VMware released security patches on Tuesday to address vRealize Log Insight vulnerabilities that could enable attackers to gain remote execution on unpatched appliances.
vRealize Log Insight (now known as VMware Aria Operations for Logs) is a log analysis and management tool that helps analyze terabytes of infrastructure and application logs in VMware environments.
The first critical bug patched today is tracked as CVE-2022-31703 and is described as a directory traversal vulnerability that malicious actors can exploit to inject files into the operating system of impacted appliances to achieve remote code execution.
The second one (tracked as CVE-2022-31704) is a broken access control flaw that can also be abused to gain remote code execution on vulnerable appliances by injecting maliciously crafted files.
Both vulnerabilities are tagged as critical severity with CVSS base scores of 9.8/10 and can be exploited by unauthenticated threat actors in low-complexity attacks that don’t require user interaction.

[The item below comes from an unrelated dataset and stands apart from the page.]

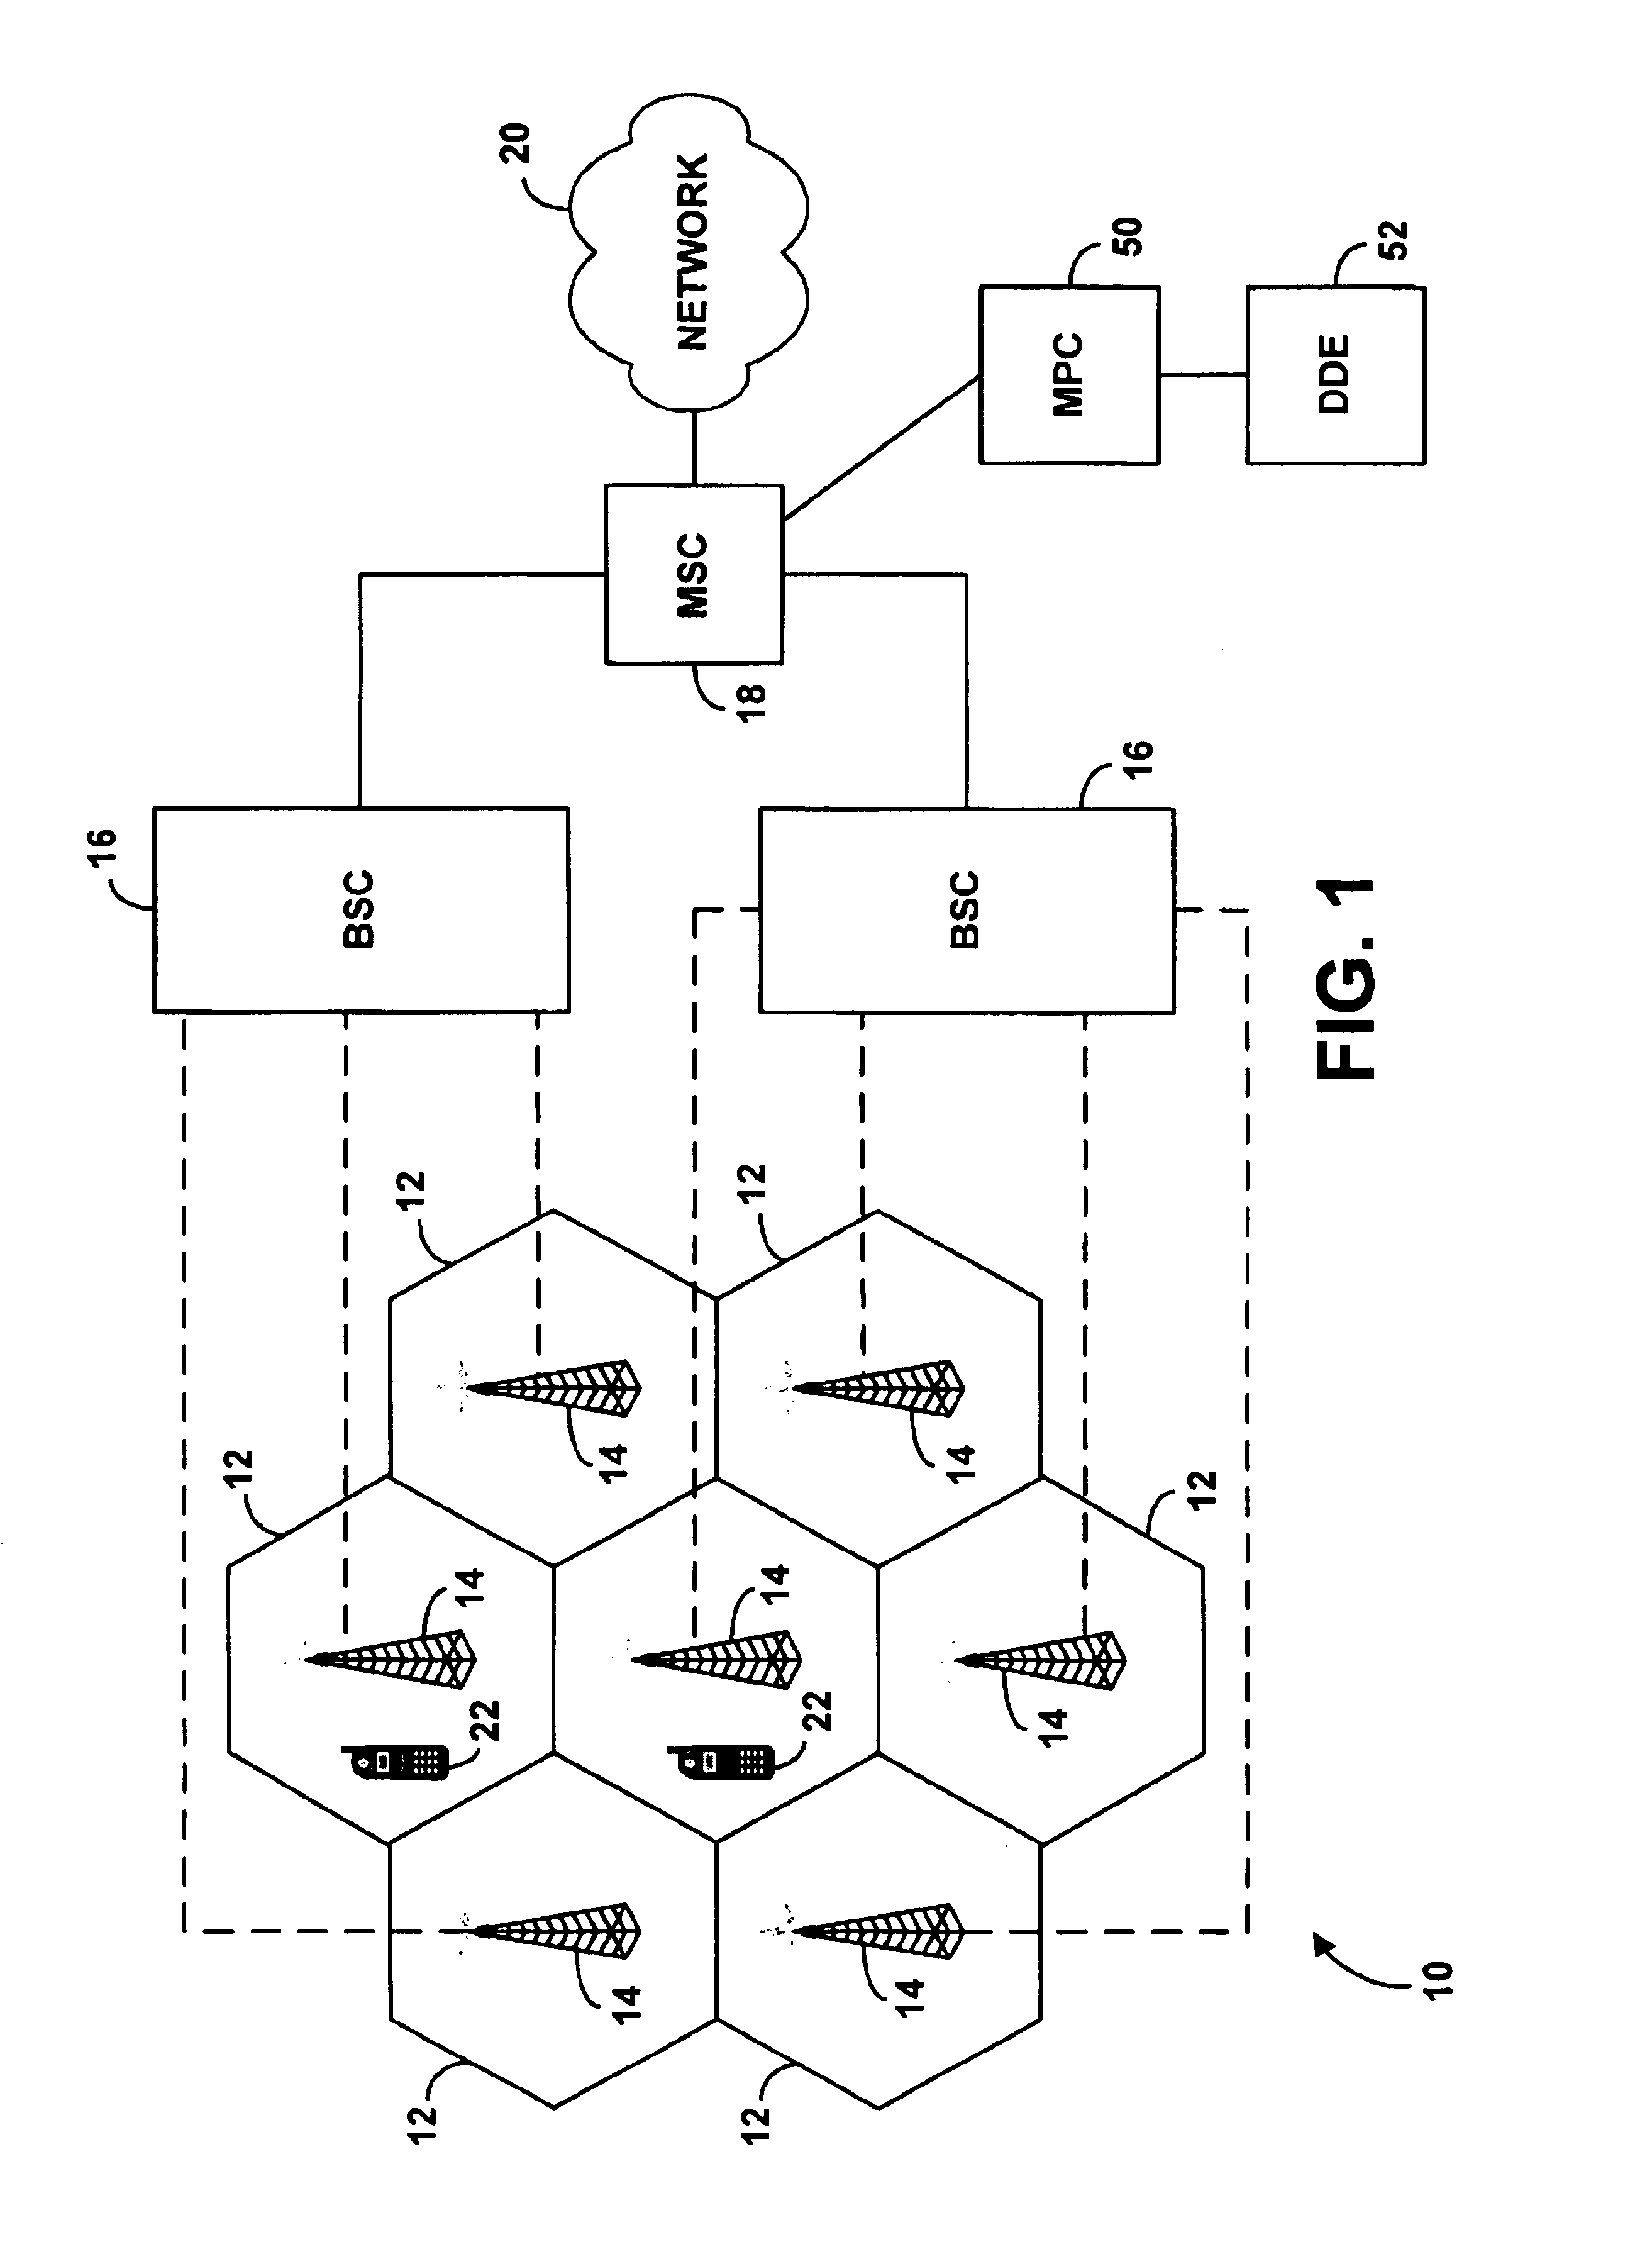 Method and system for inter-frequency handoff and capacity enhancement in a wireless telecommunications network

Today, VMware also addressed a deserialization vulnerability (CVE-2022-31710) that can be used to trigger a denial of service state and an Information disclosure bug (CVE-2022-31711) exploitable to access sensitive session and application info.

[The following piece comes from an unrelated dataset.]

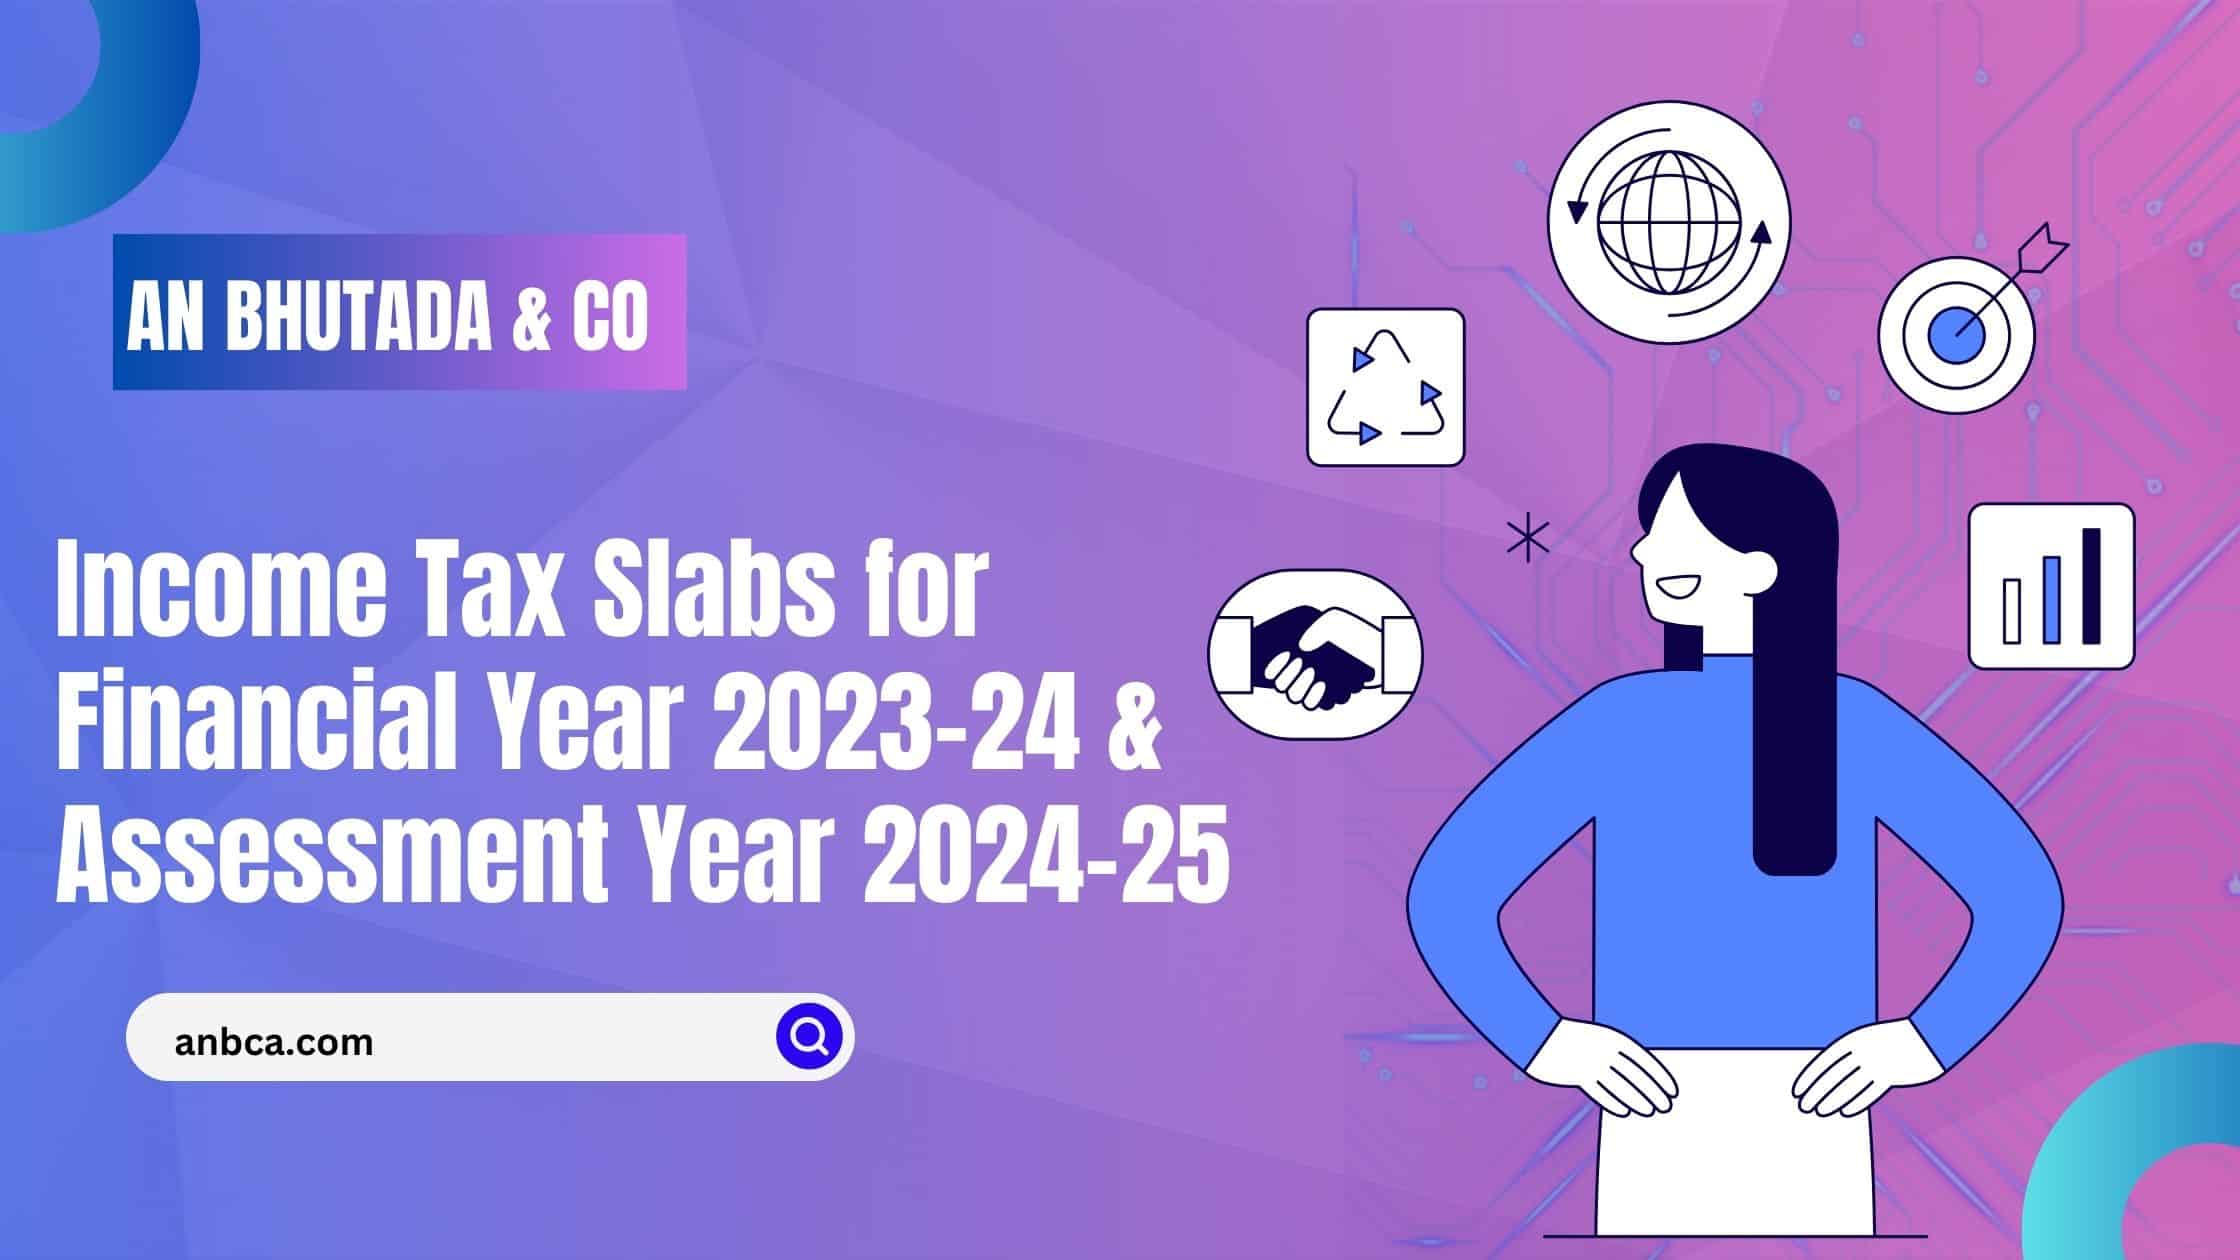 Tax Slabs for Financial Year 202324 & Assessment Year 202425

The company said the vulnerabilities were addressed with VMware vRealize Log Insight 8.10.2. None of the security bugs addressed today were tagged as being exploited in the wild.
Workaround also available
VMware provides detailed instructions on upgrading to the latest version of vRealize Log Insight here.

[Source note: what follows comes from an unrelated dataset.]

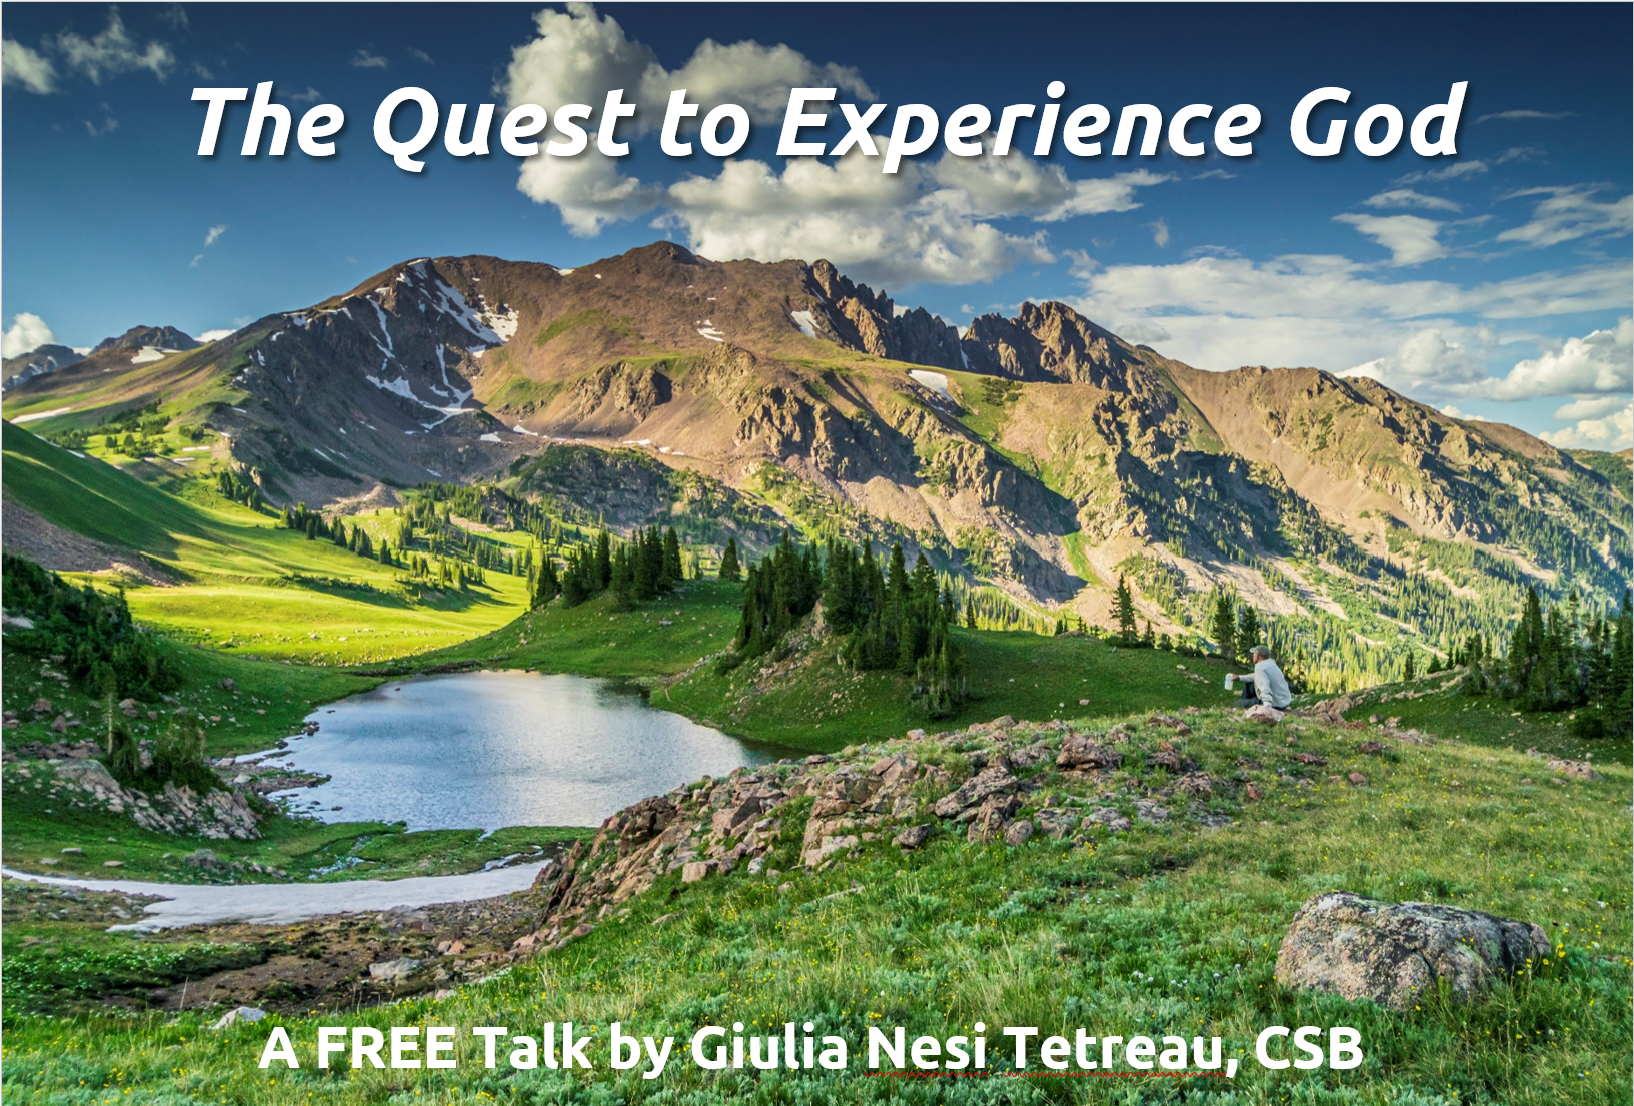 The Quest to Experience God

The company also shared a temporary fix for admins who cannot immediately deploy today’s security updates in their environments.
To apply the workaround, log into each vRealize Log Insight node in your cluster as root via SSH and execute a script (provided by VMware here).
Admins are also advised to validate the workaround by logging each node where the workaround script was executed.
If the workaround was applied correctly, you should get a message saying that the “workaround for VMSA-2023-0001 has been successfully implemented.”
Last month, VMware also patched a critical heap out-of-bounds write flaw in the EHCI controller (CVE-2022-31705) impacting ESXi, Workstation, and Fusion that can lead to code execution and a command injection vulnerability (CVE-2022-31702) that enables command execution without authentication via the vRNI REST API.